**What is being asked**
In the data below, locate the line containing "RMIT students Ngo" and the line containing "Solara Patio Covers", then retype both and everything between them exactly. Pictures are not part of the copy.

**Material supplied**
-=-=-

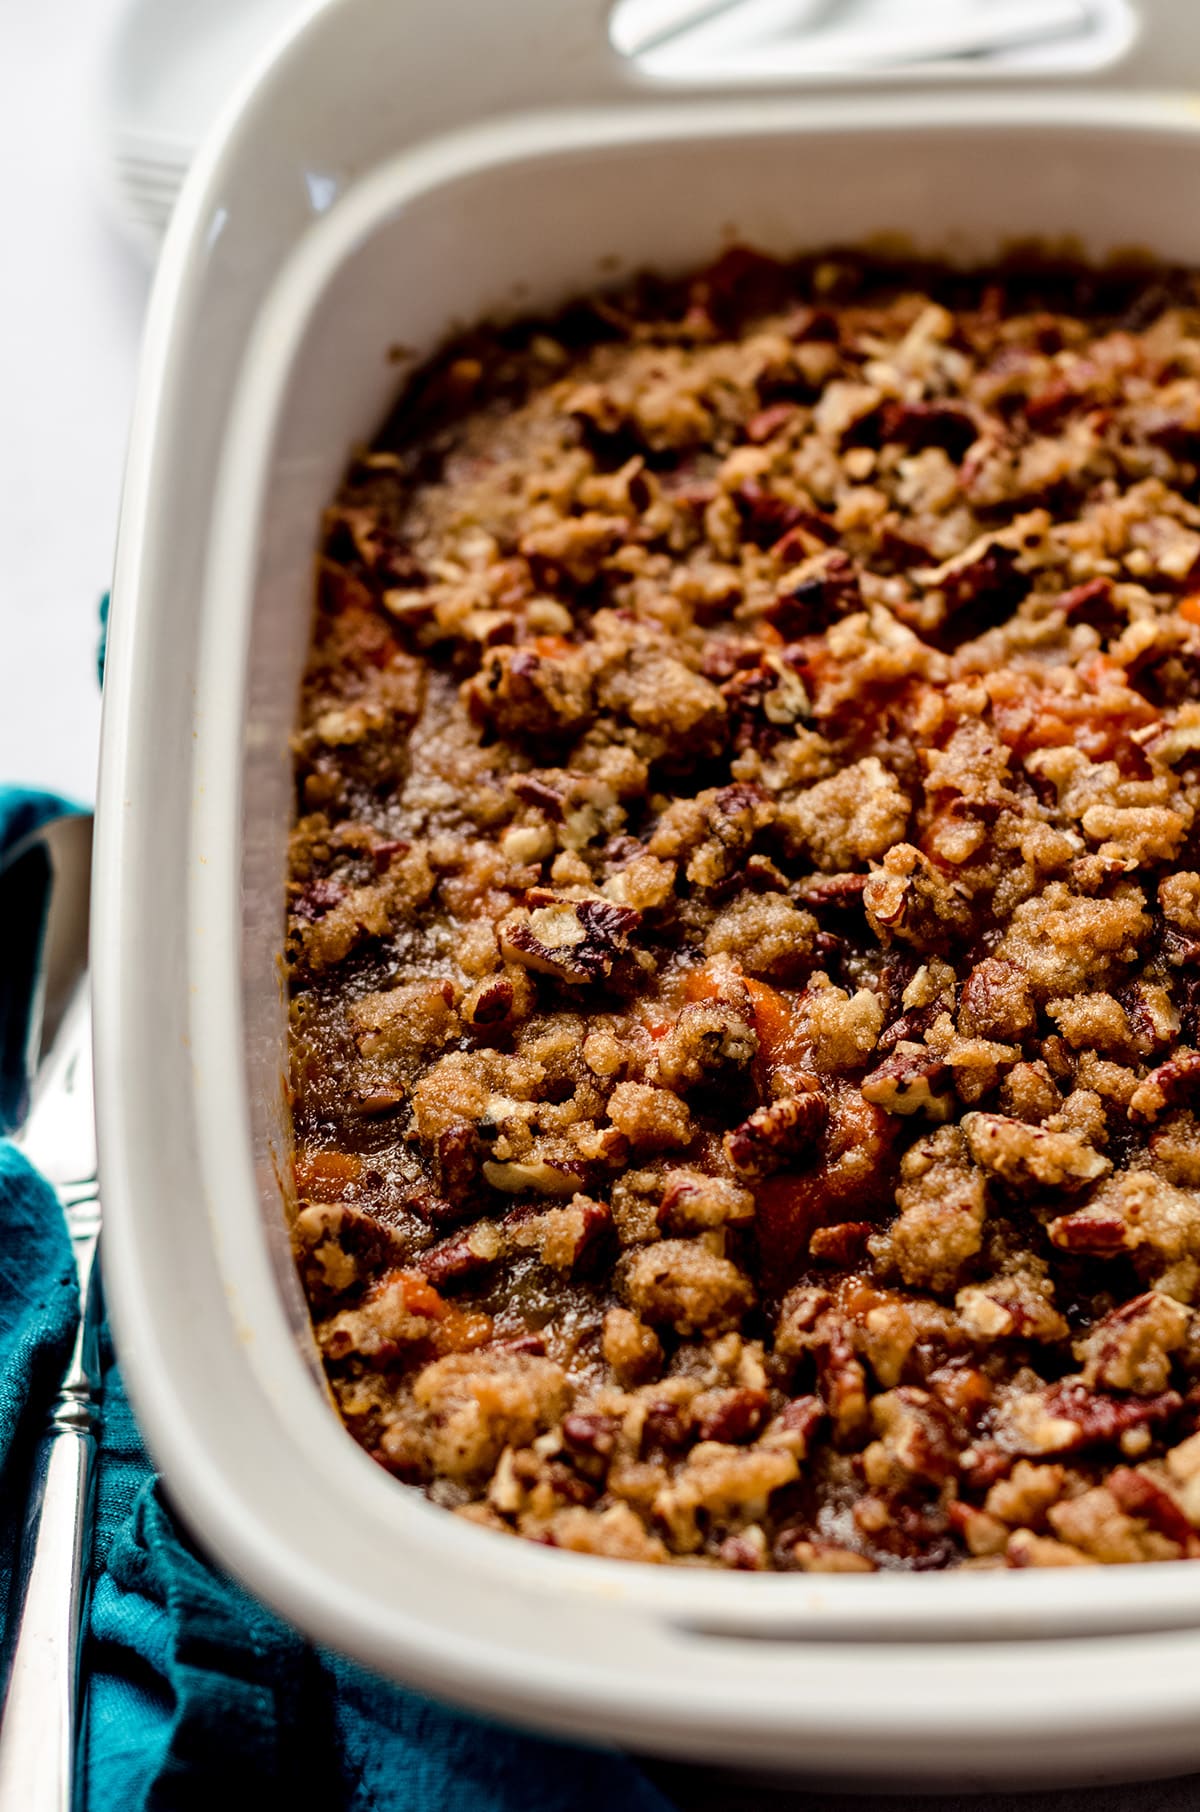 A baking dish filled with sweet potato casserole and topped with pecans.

-=-=-

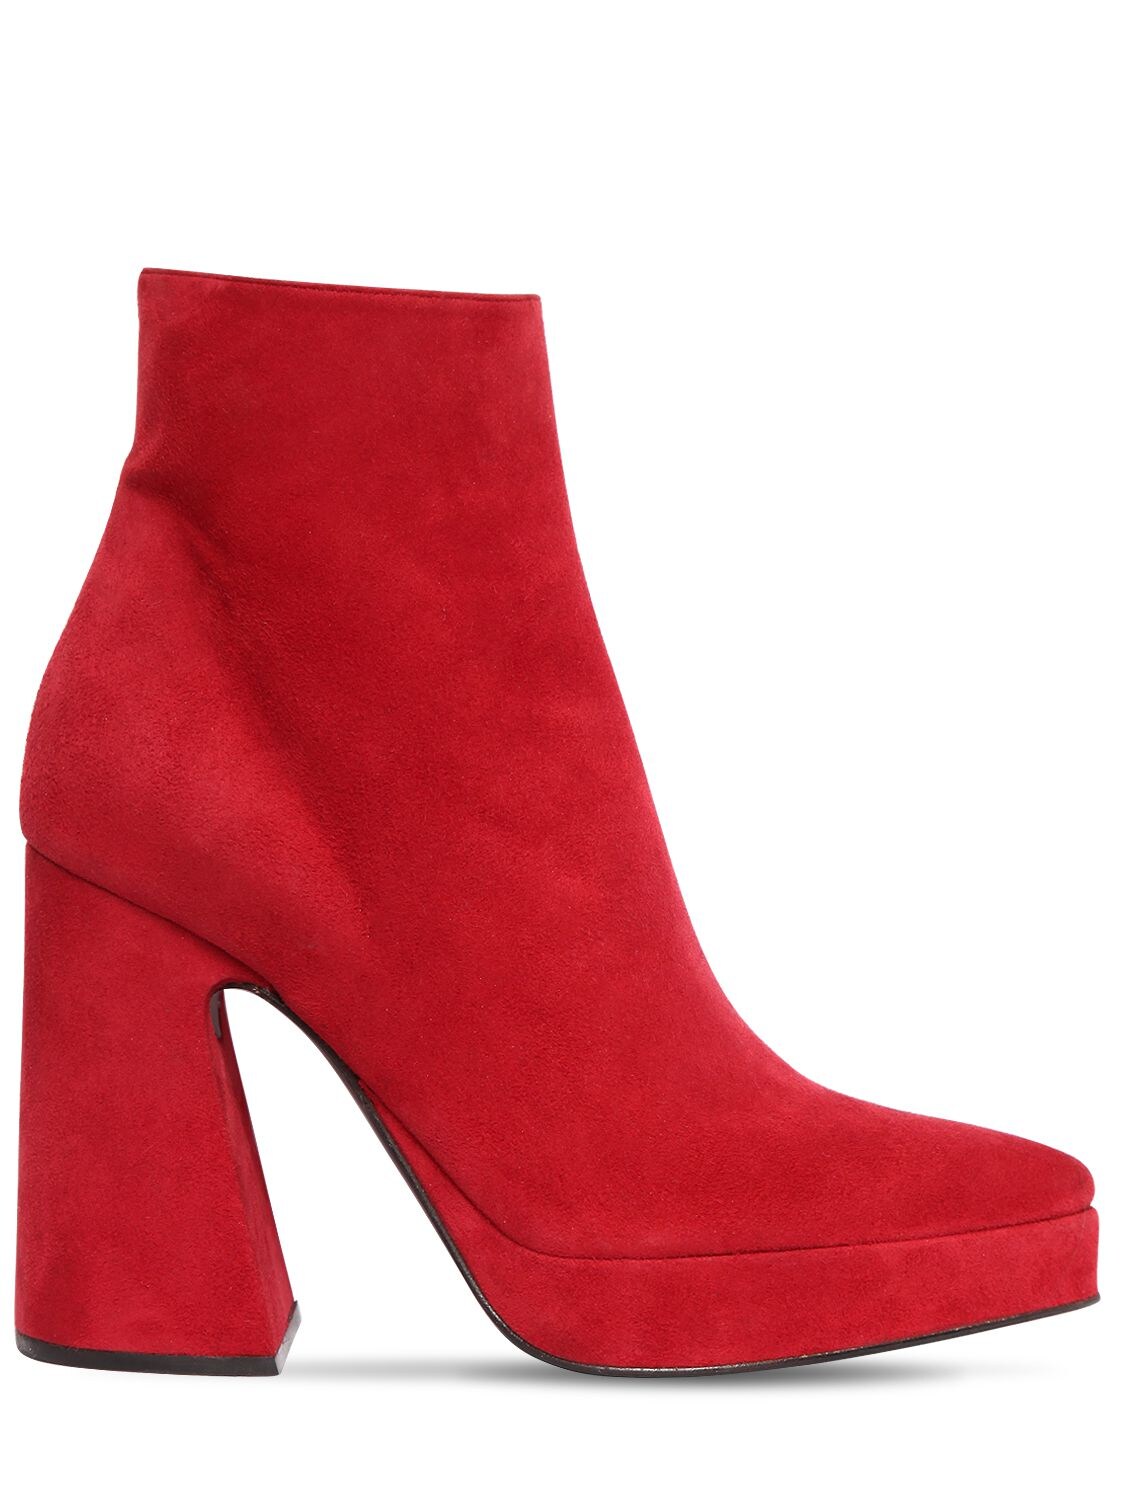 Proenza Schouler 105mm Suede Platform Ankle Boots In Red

-=-=-

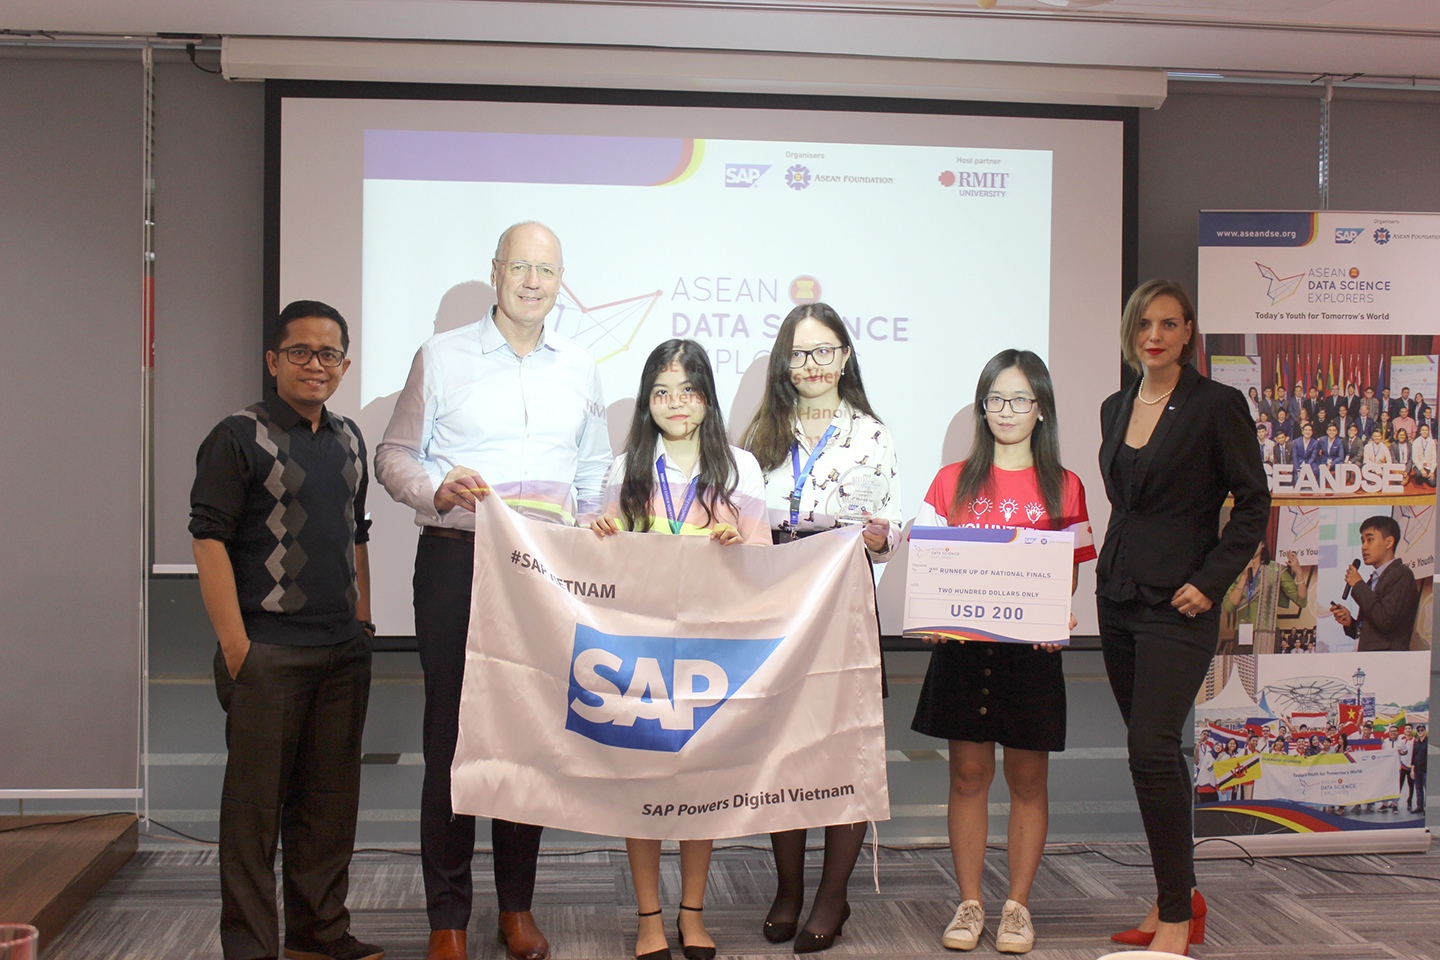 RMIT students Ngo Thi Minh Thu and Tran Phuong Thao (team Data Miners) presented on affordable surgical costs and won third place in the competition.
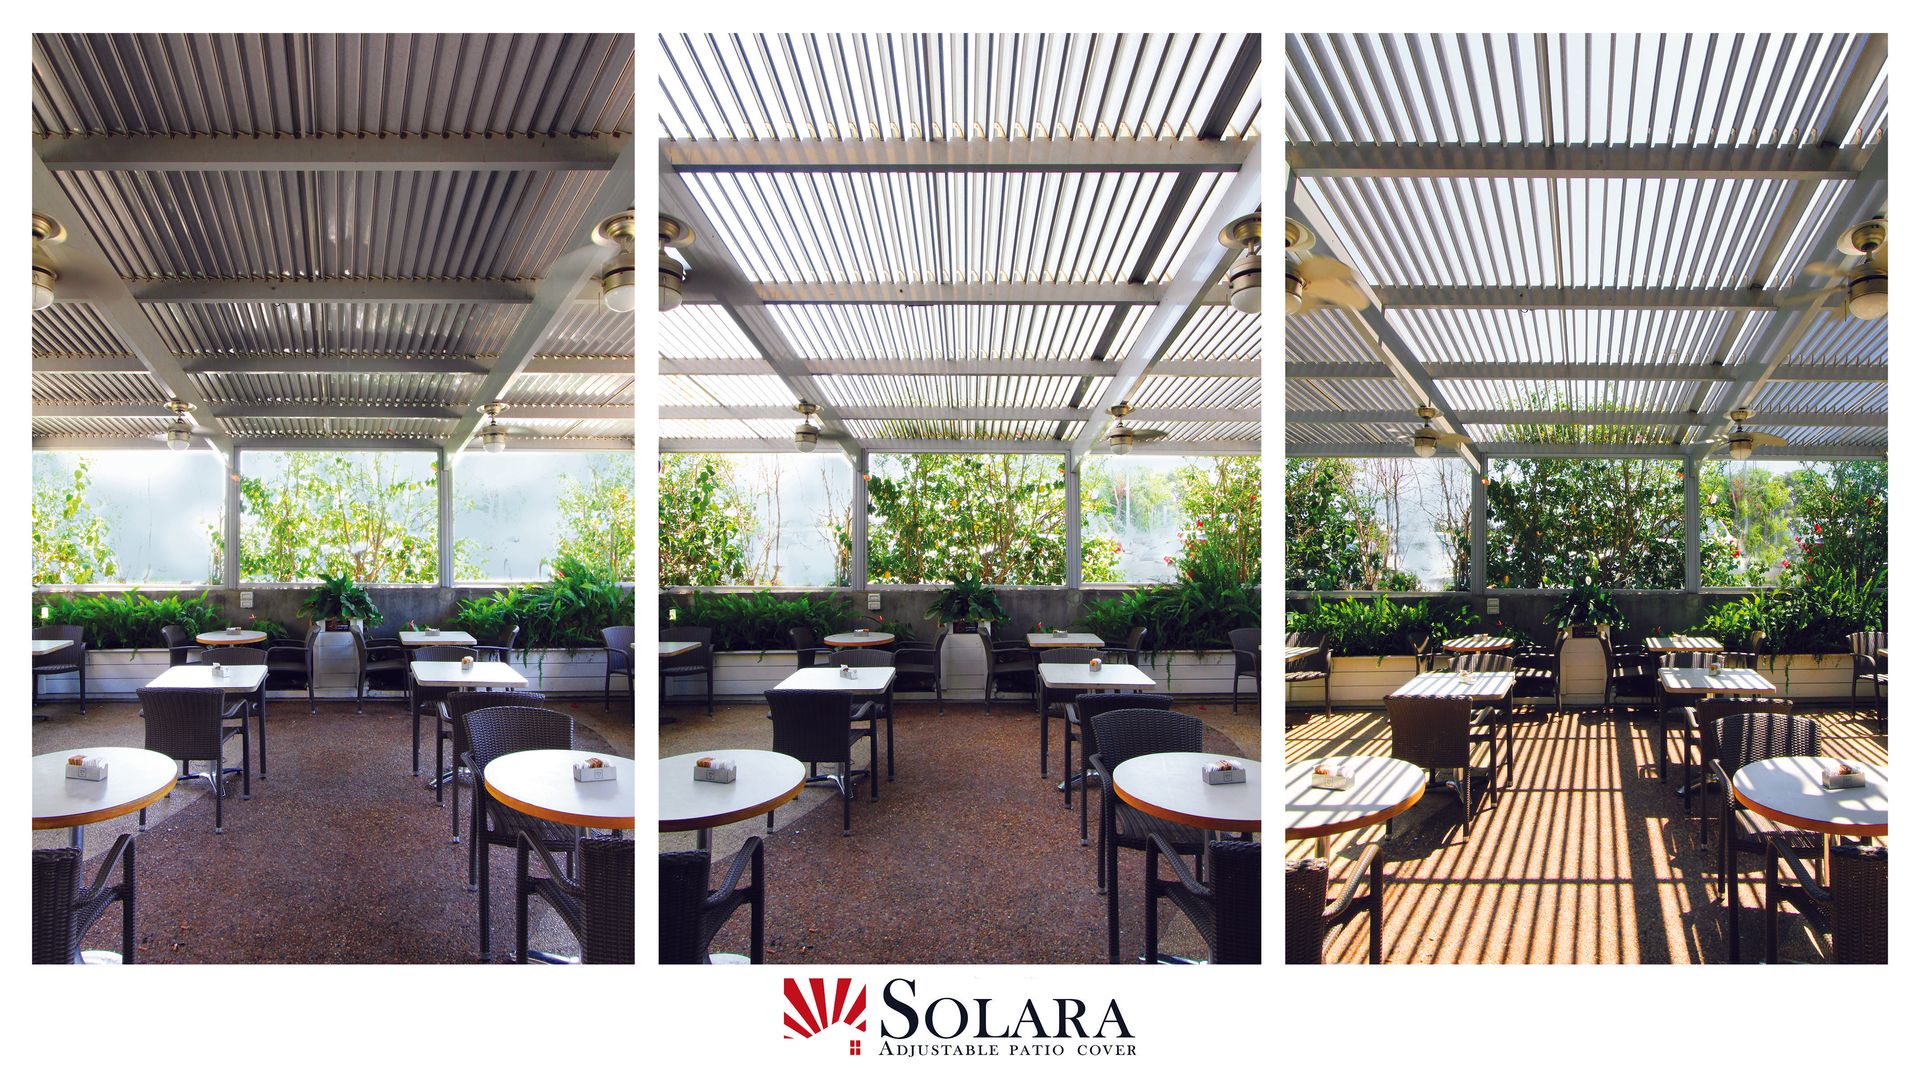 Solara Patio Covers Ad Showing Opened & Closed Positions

-=-=-

**Your response**
 RMIT students Ngo Thi Minh Thu and Tran Phuong Thao (team Data Miners) presented on affordable surgical costs and won third place in the competition.
 Solara Patio Covers Ad Showing Opened & Closed Positions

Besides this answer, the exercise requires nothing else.